- **WHAT IS NEEDED**
Transcribe only what runs from the line containing "Global shipping networks" through the end of the listing, line for line and exactly, and omit the pictures.

*** Opening GIVEN MATERIAL ***

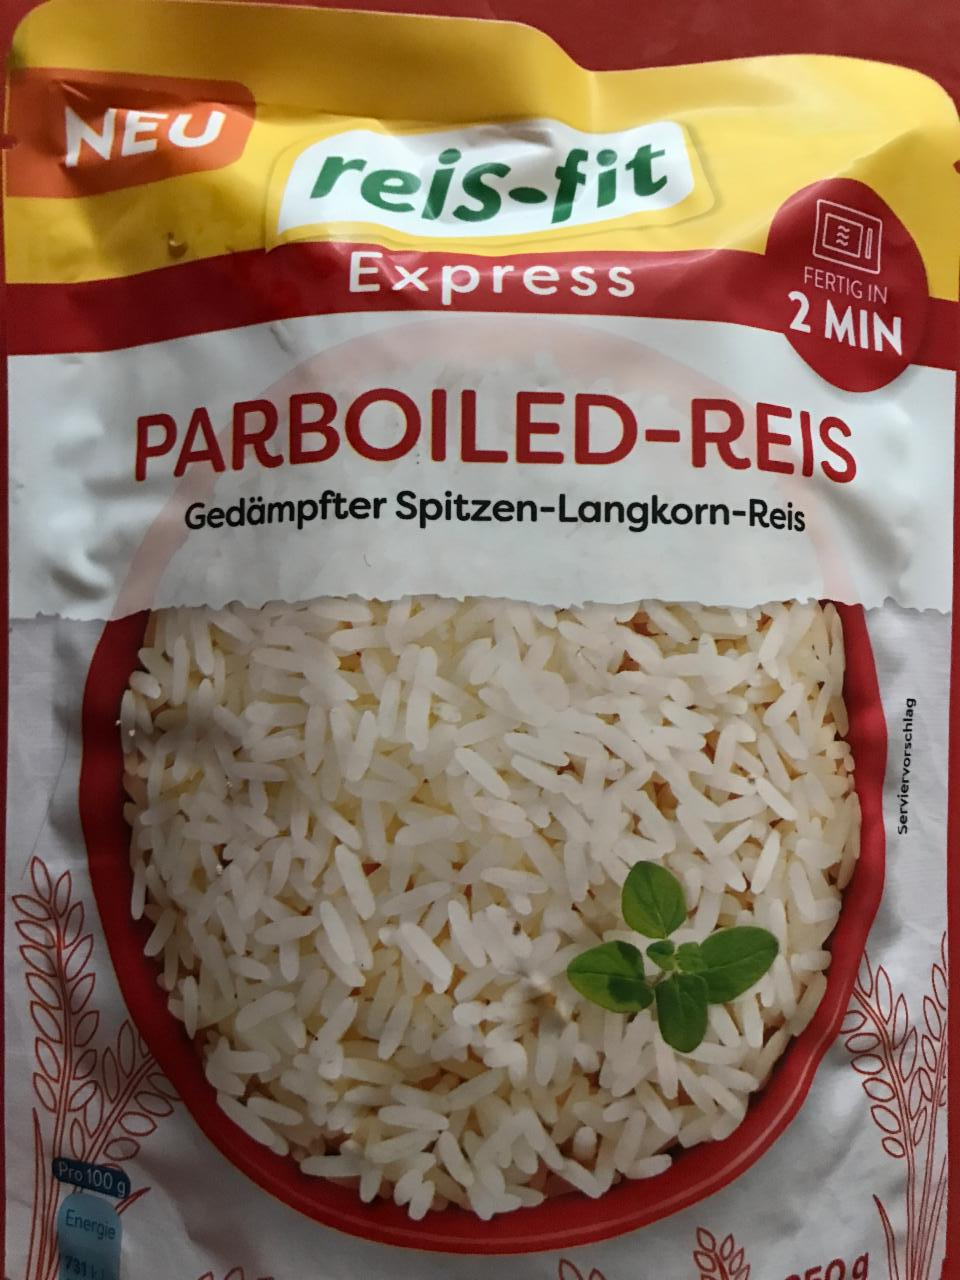 Fotografie - Parboiled-Reis Express Reis-fit
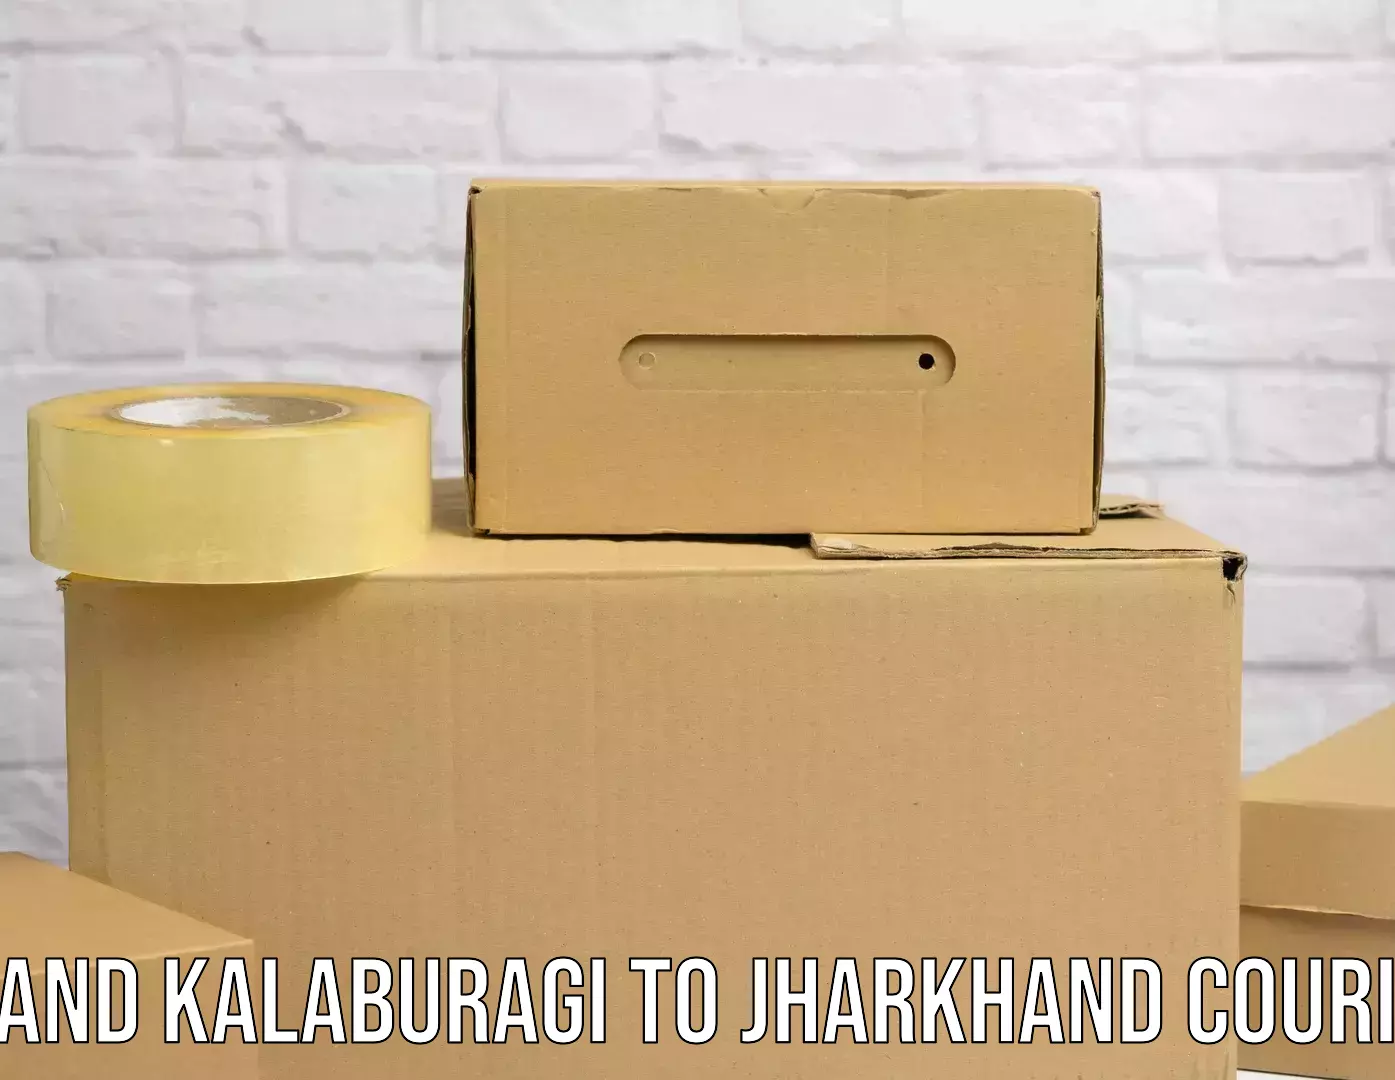 Global shipping networks Aland Kalaburagi to Jharkhand
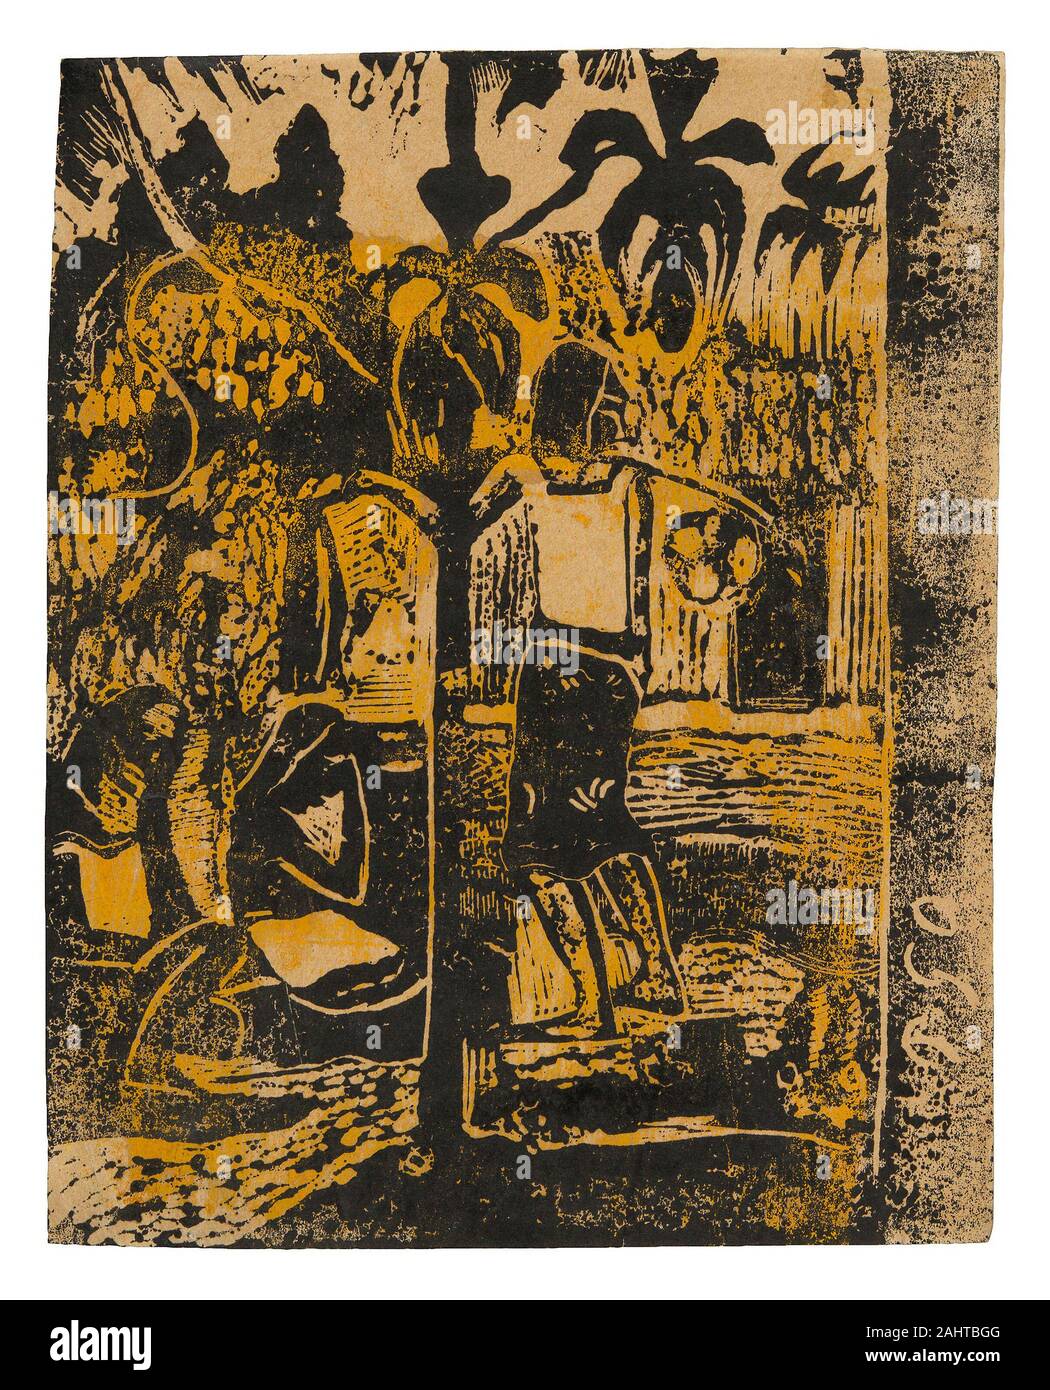 Paul Gauguin. Noa Noa (Duft). 1894 - 1895. Frankreich. Holz-Block schwarz drucken Tinte, über Lösungsmittel verdünnt und selektiv angewendet Ockergelb Tinte, auf Creme webte Papier Stockfoto

*** Closing GIVEN MATERIAL ***

- **ANSWER FOR THE TASK**
 Global shipping networks Aland Kalaburagi to Jharkhand
 Paul Gauguin. Noa Noa (Duft). 1894 - 1895. Frankreich. Holz-Block schwarz drucken Tinte, über Lösungsmittel verdünnt und selektiv angewendet Ockergelb Tinte, auf Creme webte Papier Stockfoto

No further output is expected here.